Why the huge divergences between the standard simple-sum measures of M2 that Volcker was observing and the true Divisia M2 measure? As the Fed pushed the fed funds rate up, the opportunity cost of holding cash increased. In consequence, retail money market funds and time deposits, for example, became relatively more attractive and received a lower weight when measured by a Divisia metric. Faced with a higher interest rate, people had a much stronger incentive to avoid “large” cash and checking account balances, opting to keep their funds in relatively high-yielding assets. As the fed funds rate went up, the divergence between the simple-sum and Divisia M2 measures increased.
Alas, the data problems associated with Volcker’s monetary experiment have been ignored by the Fed. Indeed, as Bill Barnett concluded in his book Getting It Wrong: How Faulty Monetary Statistics Undermine the Fed, the Financial System, and the Economy: “When more and better data were needed by the private sector, as the complexity of financial products grew, the quantity and quality of Fed data declined.” Fortunately, we have a reliable alternative for the provision of high-quality money supply data: The Center for Financial Stability.

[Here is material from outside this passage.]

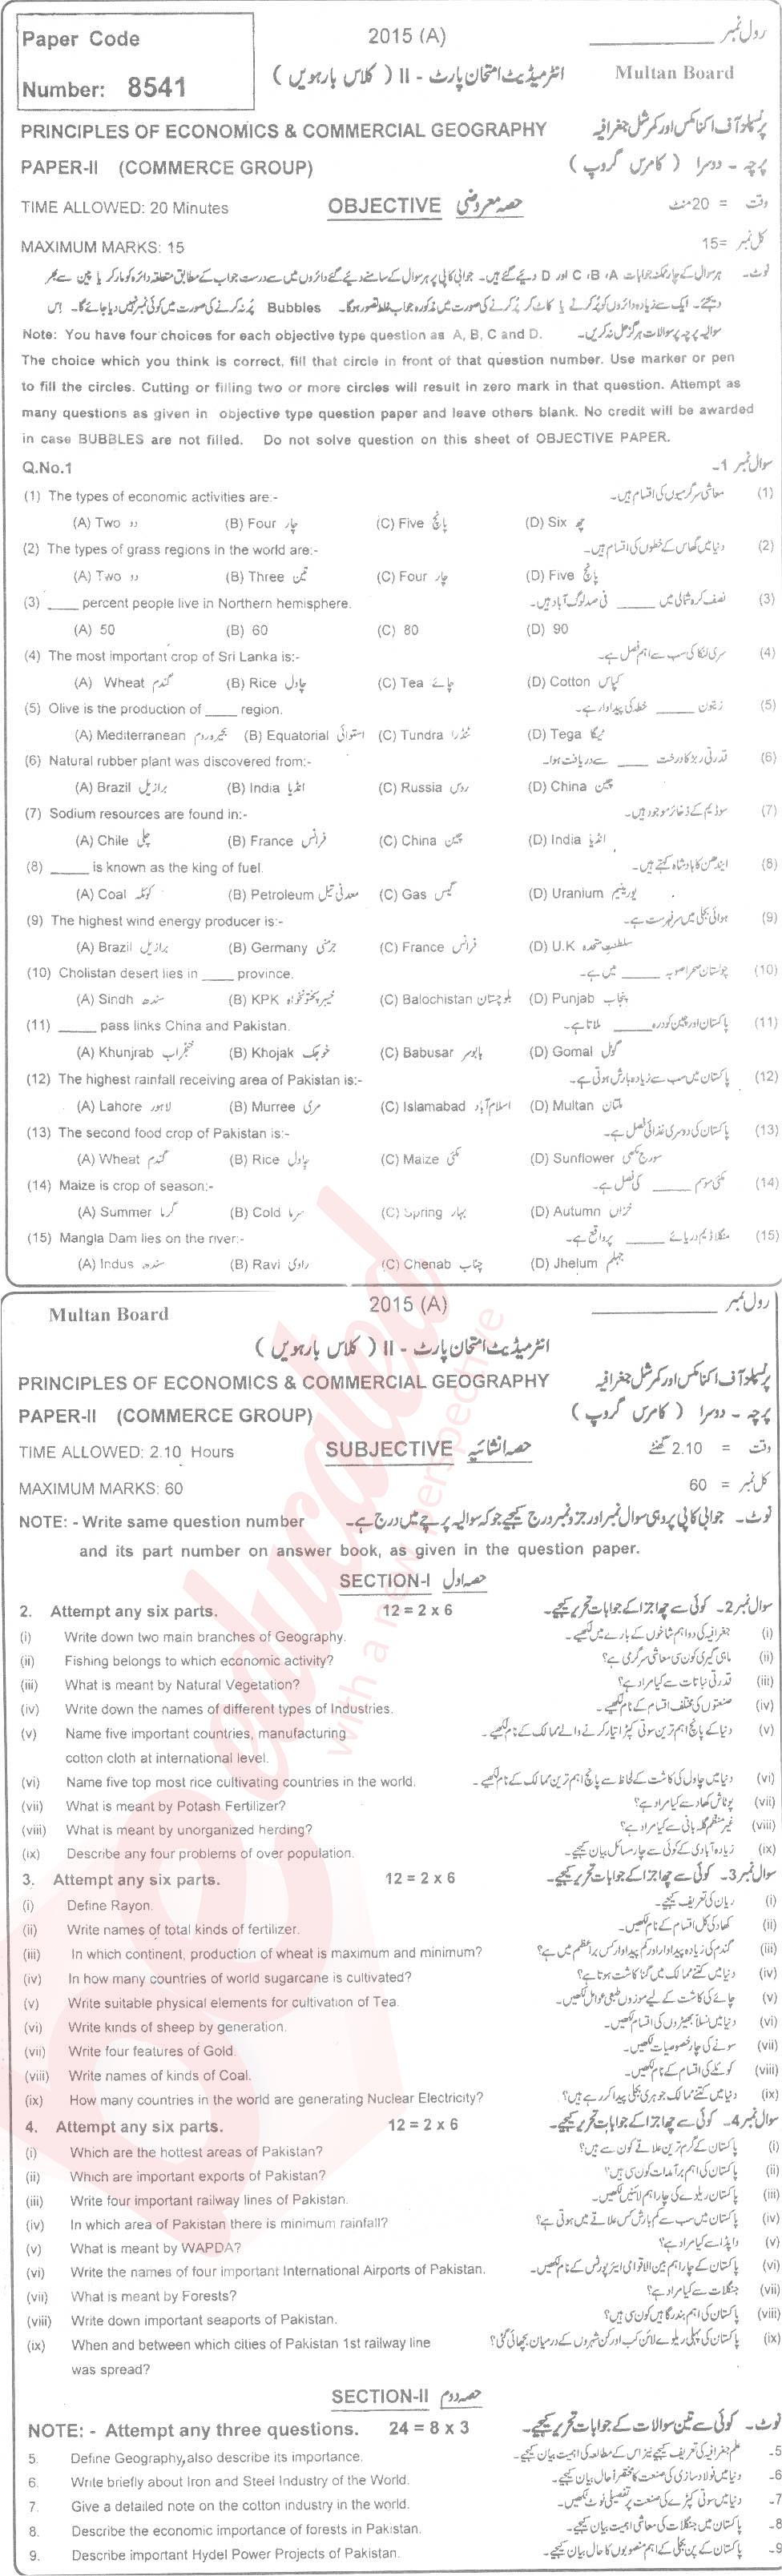 Commercial Geography ICOM Part 2 Past Paper Group 1 BISE Multan 2015

Where are we today? As shown in the chart below, the Divisia M4 growth rate is 4.2% yr/yr. That rate is a bit weak. Indeed, it is lower than it has been during the past year, and it is also below its trend rate for the past 30 years of 4.9%. This suggests that the Fed’s balance sheet unwind has resulted in a somewhat “tight” monetary stance.
If we turn to aggregate demand measured in nominal terms, it is holding up rather well (see the chart below). At a 5.65% yr/yr rate, nominal aggregate demand, as measured by final sales to domestic purchases, is above its 30-year trend rate of 4.82%. So for now, things look pretty good. But, a monetary storm cloud would develop if the Fed were to misstep and slip into a quantitative tightening mode. Without Divisa M4 on the Fed’s dashboard, the Fed might not realize the storm forming on the horizon.